第159章 髒七月爛八月
吃晚飯的時候,多虧老天垂憐,竟然起了一陣涼風。
熱得大汗淋漓的王承舟連忙端着飯碗,來到了院門口。
不成想,夜幕下的小胡同,比想象中的還要熱鬧。
大家夥兒都嫌家裏頭熱,到大門外乘涼。
農村人鄰裏關系比較近,天光昏暗,雖然看不清樣貌,可單是聽聲音,就知道是誰。
王承舟剛跑出去,王愛朵就跟在屁股後面追出來了,手裏還端着半碗辣疙瘩。
放下之後,又拐回去把稀飯端了出來,就着鹹菜吃紅薯面兒饅頭。
其實,所謂的辣疙瘩就是芥菜。
因爲,這玩意兒外形長得像土坷垃似的,崎岖不平,鄉下人都稱呼它爲辣疙瘩。
别看名字磕碜,味道卻非常好!
腌制好了,比白蘿蔔脆生,比鹹蒜瓣爽口,可是老百姓心目中頂級的美味。
四丫是個鬼靈精,性子活泛。
也不怕親哥嫌棄他,蹲在王承舟身邊兒,聽見西邊兒有人說話,探着小腦袋瞅了一眼,忙喊道:
“小芷姐,于華姐,過來一起吃呀!”
“我這有辣疙瘩,可下飯了,你們快過來。”
“一起吃熱鬧!”
徐小芷和于華雖然是城裏人,可半年撲騰下來,習性已經跟村兒裏人差不多了。
學着他們坐在大門口兒吃飯。
聽到四丫的呼喊,不好駁她的熱情,都端着碗走了過來。
“小四兒,你們也吃得這麽晚呀?”
徐小芷見王承舟也在,立刻笑嘻嘻地搬過一塊兒石頭,在對面兒坐了下來。
“小芷,誰不怕熱,都不想做飯呀!”
于華接過話茬,歎了口氣,“這才五六月份,屋子裏就熱得待不住了,要是到了伏裏天,可咋過呀?”
俗話說,夏練三伏冬練三九。
三伏天,是一年當中最熱的時候。
“還能咋過呀!”
四丫喝了口稀飯,夾起一筷子辣疙瘩,然後把碗往前推了推,嘎吱嘎吱嚼着,“等到了伏裏天,屋子裏待不住,咱就不在屋子裏睡了呗。”
“到時候,咱們都拿着蒲席到院子裏乘涼。”
“要是還嫌熱,咱們就去崗頂上嘛。到那裏,肯定就不熱了。”
夏日的晚上,一群年輕人抱着蒲席,來到院子裏,躺在星空下面,吹着晚風,天南海北的侃大山,光是想象都讓人神往。

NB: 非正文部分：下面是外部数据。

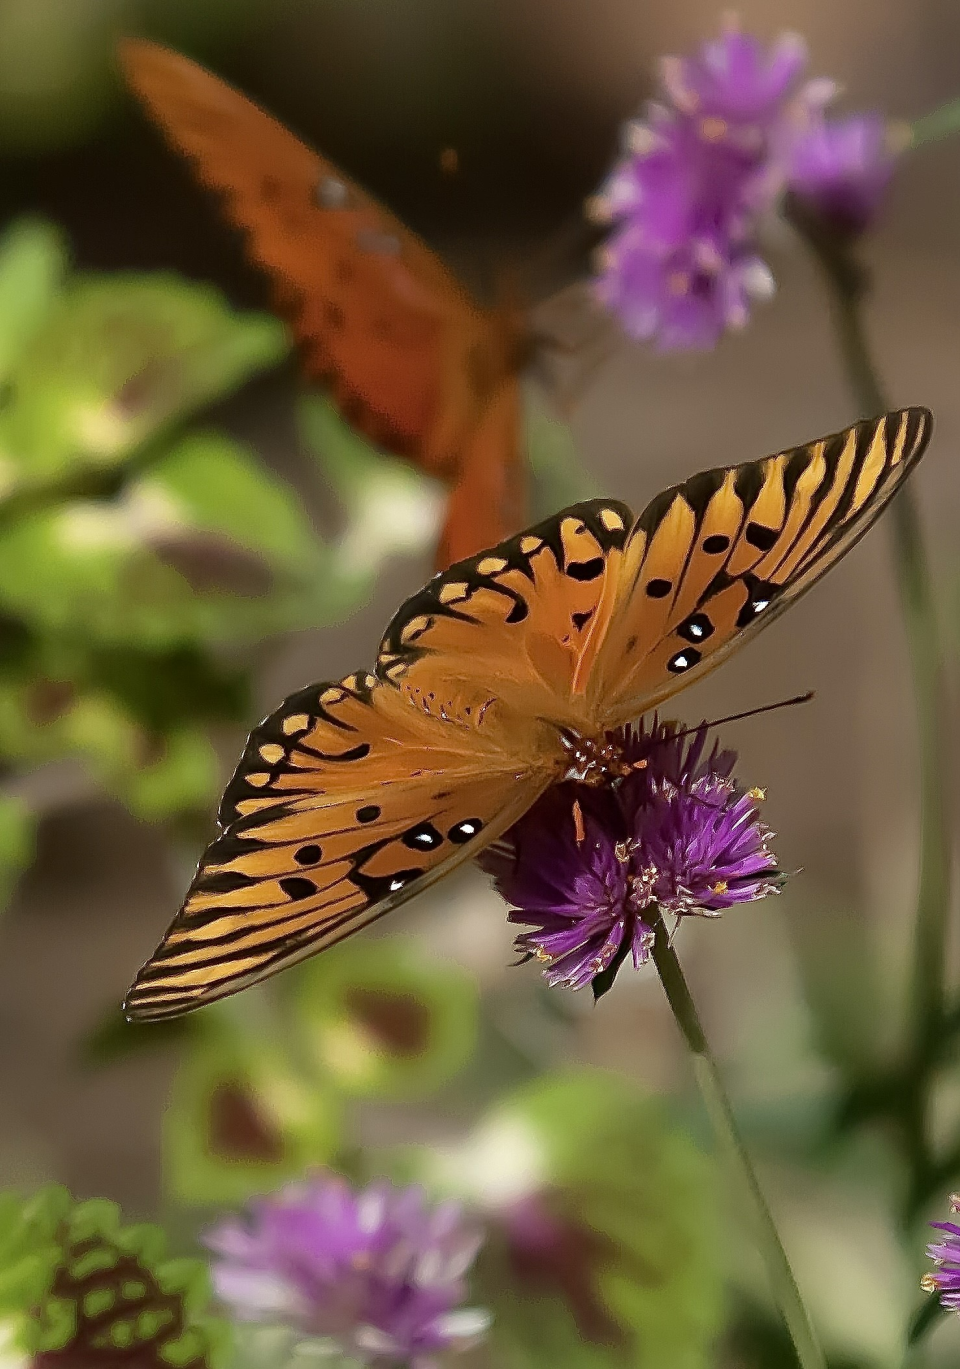 Truffula Pink gomphrena is recognized as a butterfly champion Here two Gulf Fritillary butterflies have selected their blossoms for feeding.
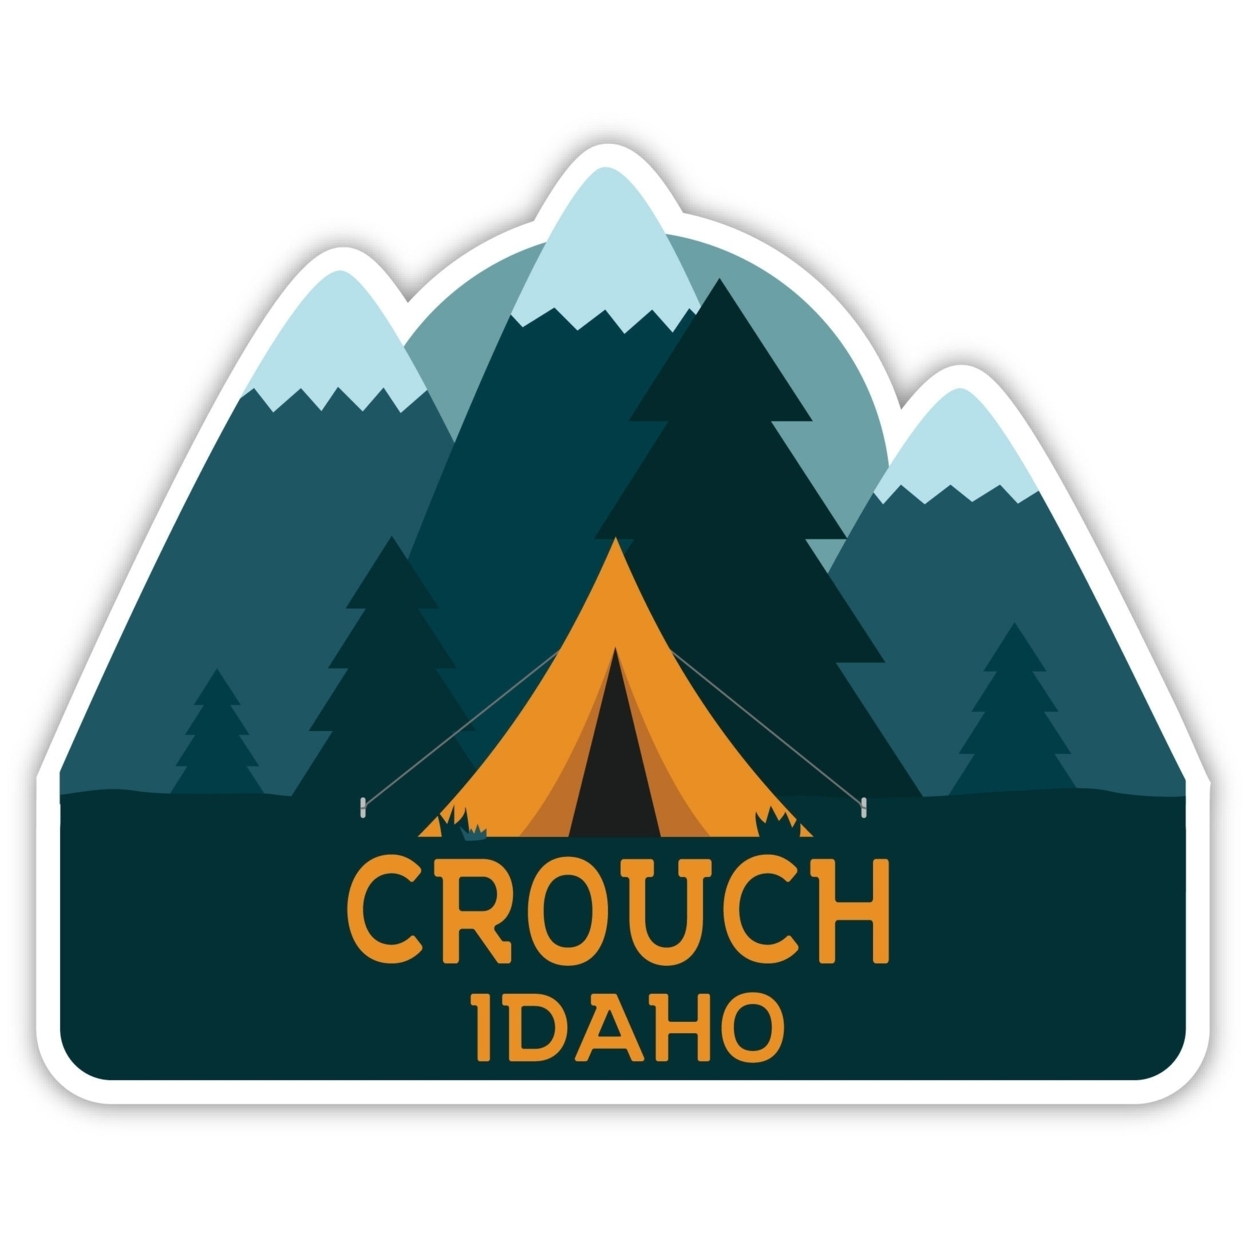 Crouch Idaho Souvenir Decorative Stickers (Choose Theme And Size) - 4-Pack, 2-Inch, Tent

徐小芷夾起一筷子鹹菜,甜甜的笑着,頭一次覺得,農村生活也有讓人期待的地方。
于華同志卻一臉好奇,疑惑道:“爲啥到崗頂上睡就不熱了,是晚上的時候,那裏的風比較大嗎?”
“是因爲陰氣重!”
王承舟見她一臉老實,被四丫給忽悠住了,沒好氣兒的提醒了一句,“村頭兒土崗上那麽多墳地,一到晚上,鬼氣森森的,讓人心裏頭冒涼氣兒,還熱得起來嗎?”
于華愣了一下,端着碗,笑得肩膀一陣抽動,白了呲牙咧嘴的四丫一眼。
這個小妮子,鬼點子就是多!
不過,說是這樣說。
夏天,到土崗上乘涼的人還真不少。
農村人很奇怪。
一方面很迷信,一方面又很大膽。
越是恐怖傳說比較多的地方,越容易引起大家夥兒的興緻。
到了伏裏天,拿着蒲扇,到土崗上納涼的人很多。
老人孩子都有。
至于原因,可不是陰氣重。
土崗上林子茂密,主要是柿子樹,然後是松柏。再加上地勢高,晚上風大,确實比村子裏涼快。
到時候熱得不行了,還真可以去看看。
正說着話,估計是聽到這邊兒熱鬧,趙瑜、刁青松和許萬年三個男知青也端着碗靠過來了。
“王承舟,伏裏天什麽的還比較遠,你這個鼎鼎大名的衛生員,能不能先把緊要問題解決一下啊?”
剛到近前,趙瑜就抓耳撓腮的問道。
“是呀,他奶奶的!”
刁青松抓了抓臉,又撓了撓屁股,渾身不得勁兒,“剛在外面待一會兒,就被蚊子叮了好幾個大包,可癢死我了!”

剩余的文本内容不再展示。